Возвращаясь же к моему предположению — предположим, что упомянутые воздушные пришельцы обладают неизмеримо превосходящим наши знаниями — то есть превосходящими знаниями в искусстве истребления, — восседают на гиппогрифах, защищены непроницаемой броней, вооружены концентрированными солнечными лучами и снабжены огромными машинами для метания огромных лунных камней; короче говоря, предположим их, если наше тщеславие позволит такое предположение, столь же превосходящими нас в знаниях и, следовательно, в силе, сколь европейцы превосходили индейцев, когда впервые открыли их.
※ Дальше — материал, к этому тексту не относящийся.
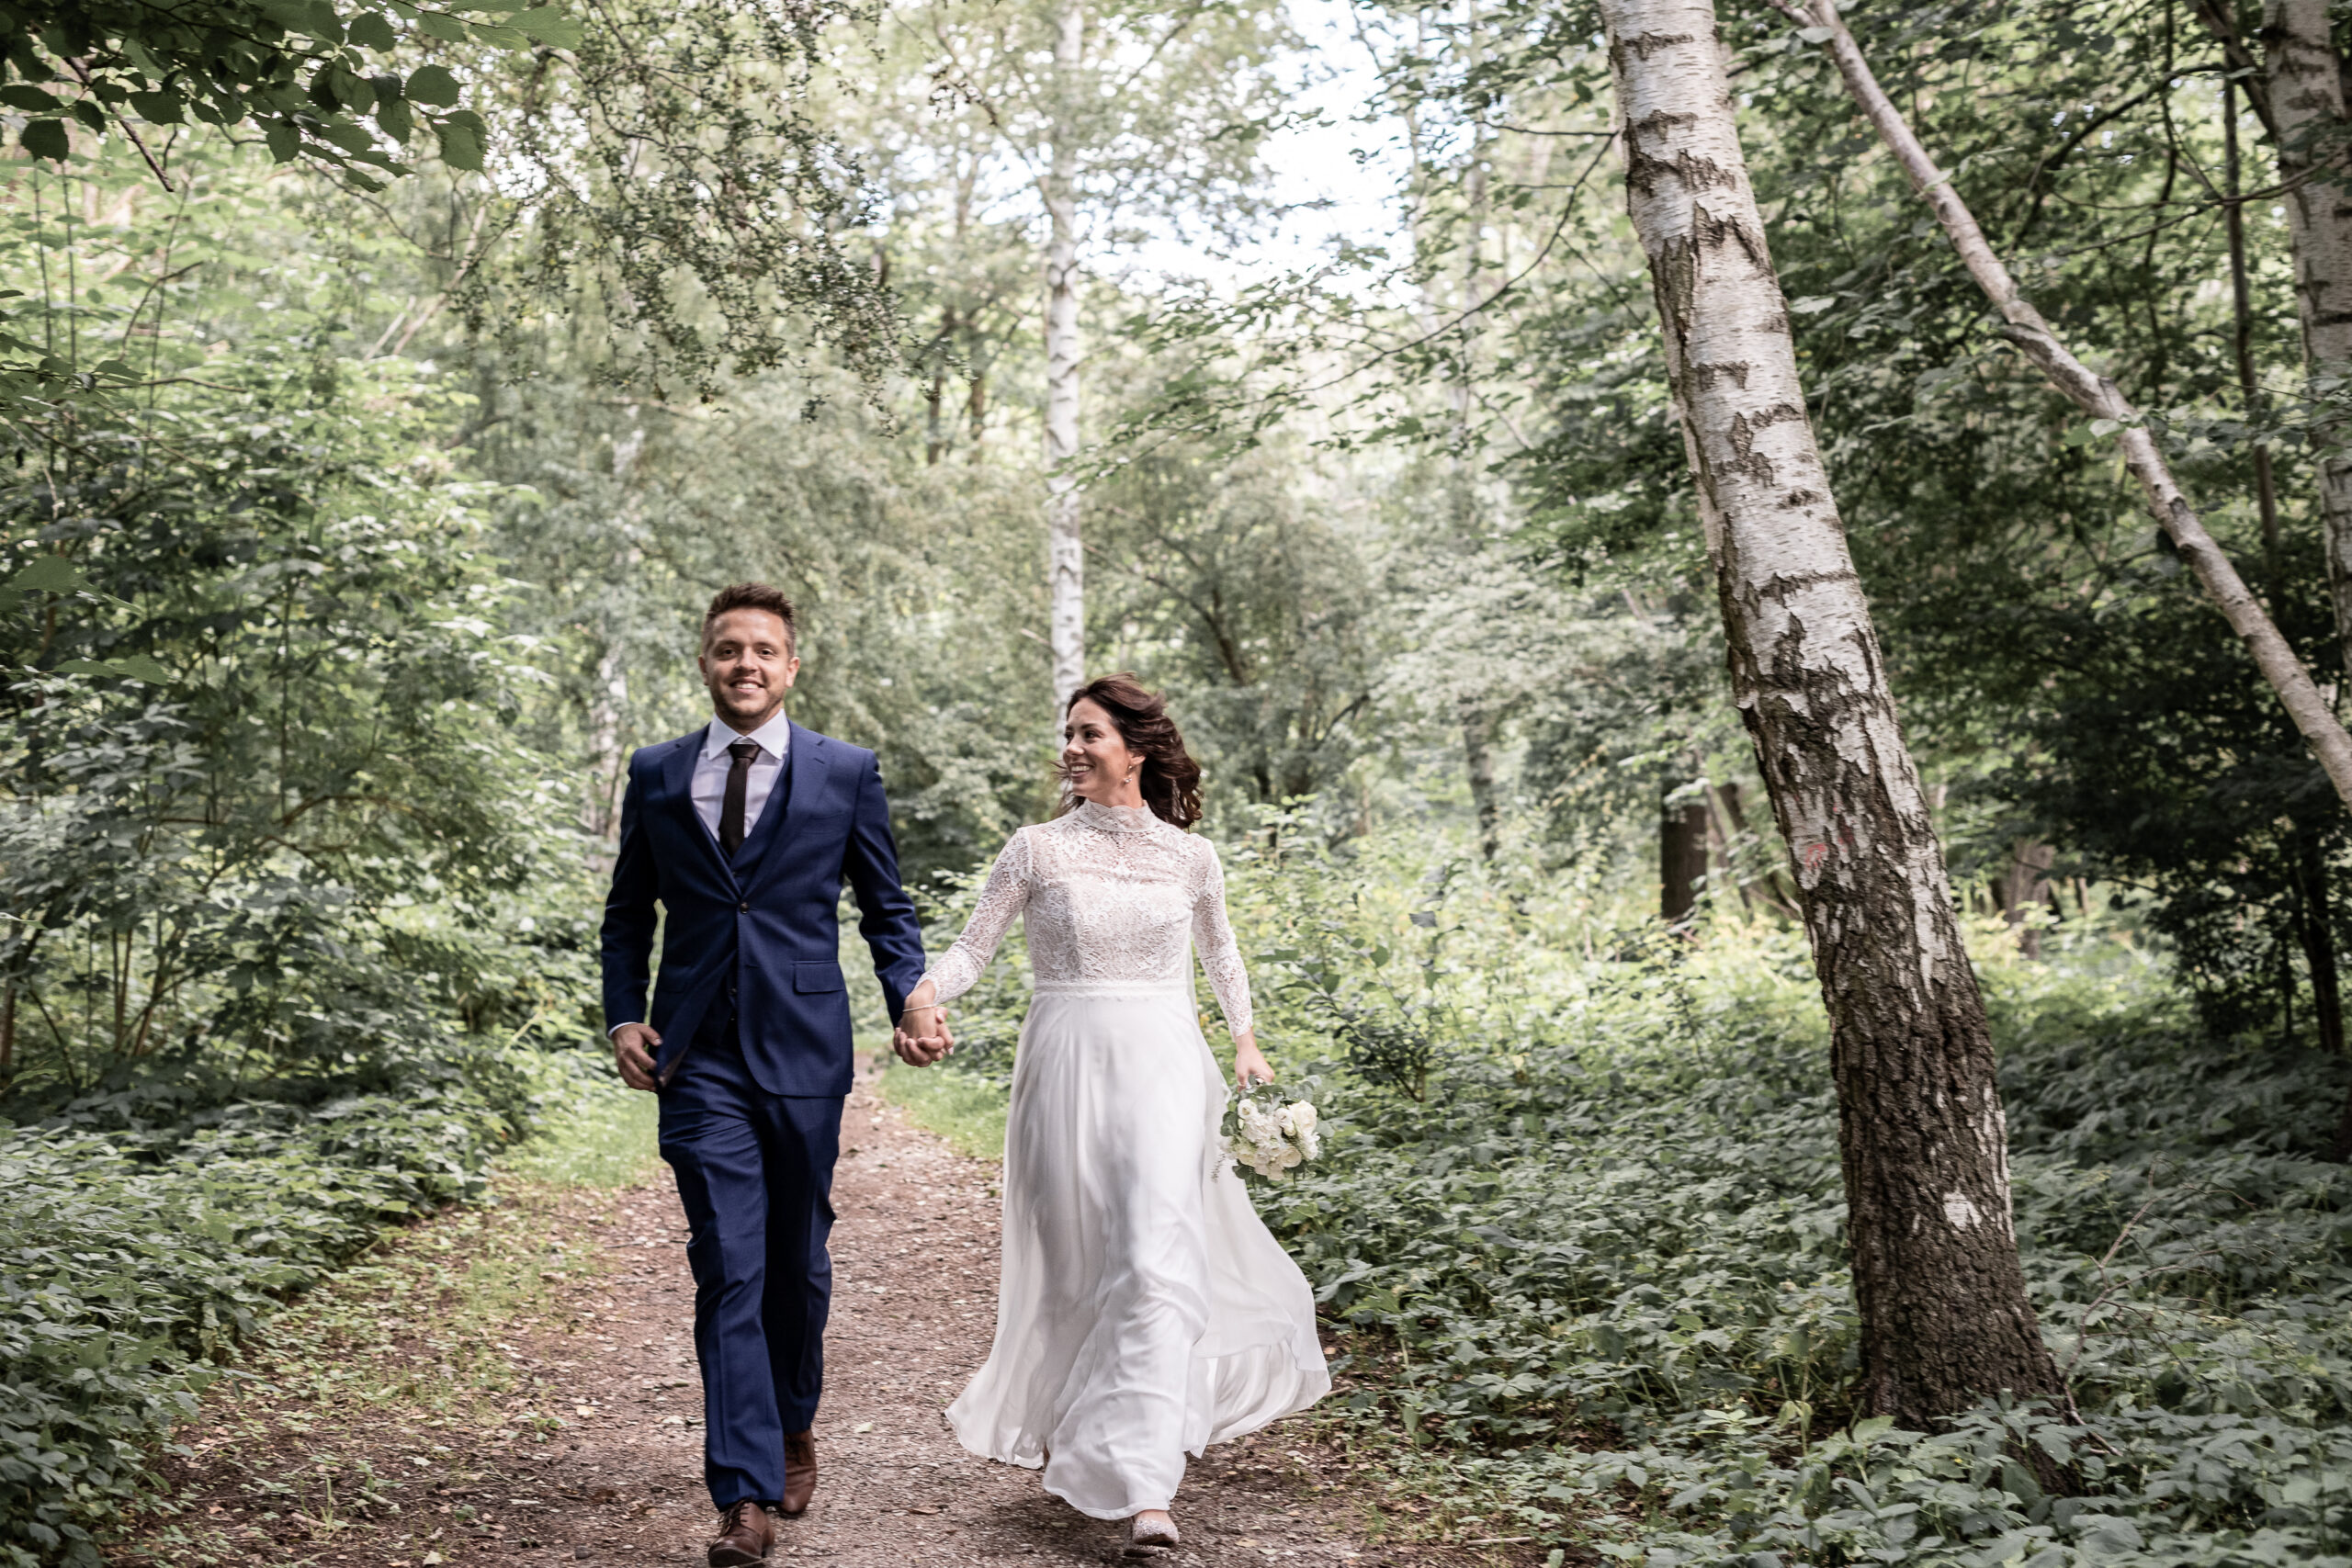 Bryllupsbilleder af brudepar der løber i skoven

Все это весьма возможно, лишь наше собственное самодовольство заставляет нас думать иначе; и я ручаюсь, что бедные дикари до того, как обрели какое-либо познание о белых люджах, облаченных во все ужасы сверкающей стали и устрашающего пороха, были столь же твердо убеждены в том, что они сами — мудрейшие, добродетельнейшие, могущественнейшие и совершеннейшие из созданий, сколь и в нынешнюю минуту надменные обитатели старой Англии, непостоянное население Франции или даже самодовольные граждане этой препросвещенной республики.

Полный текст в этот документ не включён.